Tesi Bianca, Robelius Anna, Baskin Berivan, Lazarevic Vladimir, Deneberg Stefan, Höglund Martin, Fogelstrand Linda, Ungerstedt Johanna, Pandzic Tatjana, Tobiasson Magnus, Garelius Hege Gravdahl, Kuchinskaya Ekaterina, Persson Fredrik, Ågerstam Helena, Hallböök Helene, Fioretos Thoas, Nordin Jessika, Norberg Anna, Thuresson Ann-Charlotte, Lehmann Sören, Ladenvall Claes, Barbany Gisela, Vennström Lovisa, Ejerblad Elisabeth, Cavelier Lucia, Cammenga Jörg, Jädersten Martin, Hellström-Lindberg Eva, Baliakas Panagiotis
Department of Clinical Genetics and Genomics, Karolinska University Hospital, Stockholm, Sweden.
Department of Molecular Medicine and Surgery, Karolinska Institutet, Stockholm, Sweden.
Clin Cancer Res. 2025 Jul 15;31(14):3062-3071. doi: 10.1158/1078-0432.CCR-24-4251.
In a multicenter prospective cohort study, we assessed the diagnostic yield of the Nordic guidelines for germline investigation in myeloid neoplasms and mapped the spectrum of inherited and somatic variants.

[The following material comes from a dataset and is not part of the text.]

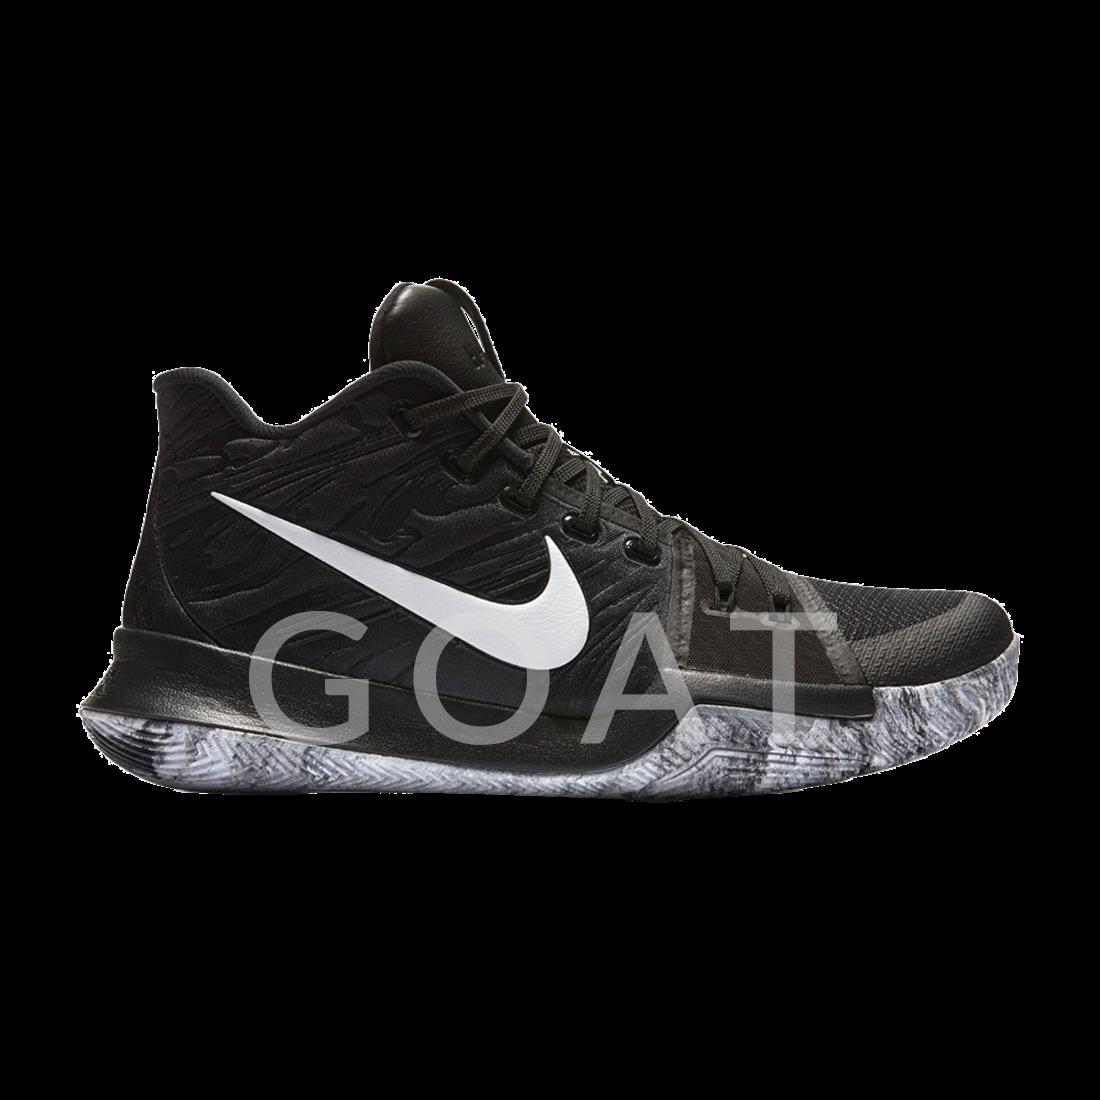 b358851954cf Kyrie 3  BHM  - Nike - 852415 001 - Black Metallic Gold-White

Eighty-five patients (acute myeloid leukemia, n = 38; myelodysplastic syndromes, n = 26; thrombocytopenia, n = 14; and other, n = 7) fulfilling the Nordic criteria for germline investigation, based on (i) medical history or family history suggestive of a germline condition and (ii) relevant findings from the somatic diagnostic work-up (CytoMol), were recruited. The genetic analysis included enhanced whole-exome sequencing (n = 69) or sequencing of specific variants of interest (n = 16).
Pathogenic or likely pathogenic (P/LP) germline variants were identified in 35% of patients (30/85). The diagnostic yield varied from 6% (1/16) in the family history group to 52% (17/33) in the CytoMol group. Germline DDX41 P/LP variants were the most frequent finding (13/30, 43% of all positive cases) almost exclusively found within the CytoMol group (12/13). Seven variants of unknown significance were also detected (TERT n = 2 and DDX41, RTEL1, ETV6, PARN, and SAMD9 n = 1). Five patients carried a P/LP variant in genes associated with another hereditary cancer syndrome (BRCA1 n = 3; PALB2 n = 1; and CHEK2; n = 1). Survival analysis showed a trend for longer survival among patients with acute myeloid leukemia and confirmed or suspected germline predisposition that underwent allogeneic stem cell transplantation.
The implementation of the Nordic guidelines in a prospective Swedish cohort results in a high overall diagnostic yield (35%), proving the feasibility and utility of these or similar guidelines in a clinical setting.
在一项多中心前瞻性队列研究中,我们评估了北欧骨髓肿瘤种系调查指南的诊断率,并绘制了遗传和体细胞变异谱。
招募了85例符合北欧种系调查标准的患者(急性髓系白血病,n = 38;骨髓增生异常综合征,n = 26;血小板减少症,n = 14;其他,n = 7),这些标准基于(i)提示种系疾病的病史或家族史,以及(ii)体细胞诊断检查(细胞分子学)的相关发现。基因分析包括增强型全外显子测序(n = 69)或对特定感兴趣变异的测序(n = 16)。
在35%的患者(30/85)中鉴定出致病性或可能致病性(P/LP)种系变异。诊断率从家族史组的6%(1/16)到细胞分子学组的52%(17/33)不等。种系DDX41 P/LP变异是最常见的发现(13/30,占所有阳性病例的43%),几乎仅在细胞分子学组中发现(12/13)。还检测到7个意义未明的变异(TERT,n = 2;DDX41、RTEL1、ETV6、PARN和SAMD9,n = 1)。5例患者在与另一种遗传性癌症综合征相关的基因中携带P/LP变异(BRCA1,n = 3;PALB2,n = 1;CHEK2,n = 1)。生存分析显示,接受异基因干细胞移植的急性髓系白血病且确诊或疑似有种系易感性的患者有生存期延长的趋势。
在瑞典前瞻性队列中实施北欧指南可获得较高的总体诊断率(35%),证明了这些或类似指南在临床环境中的可行性和实用性。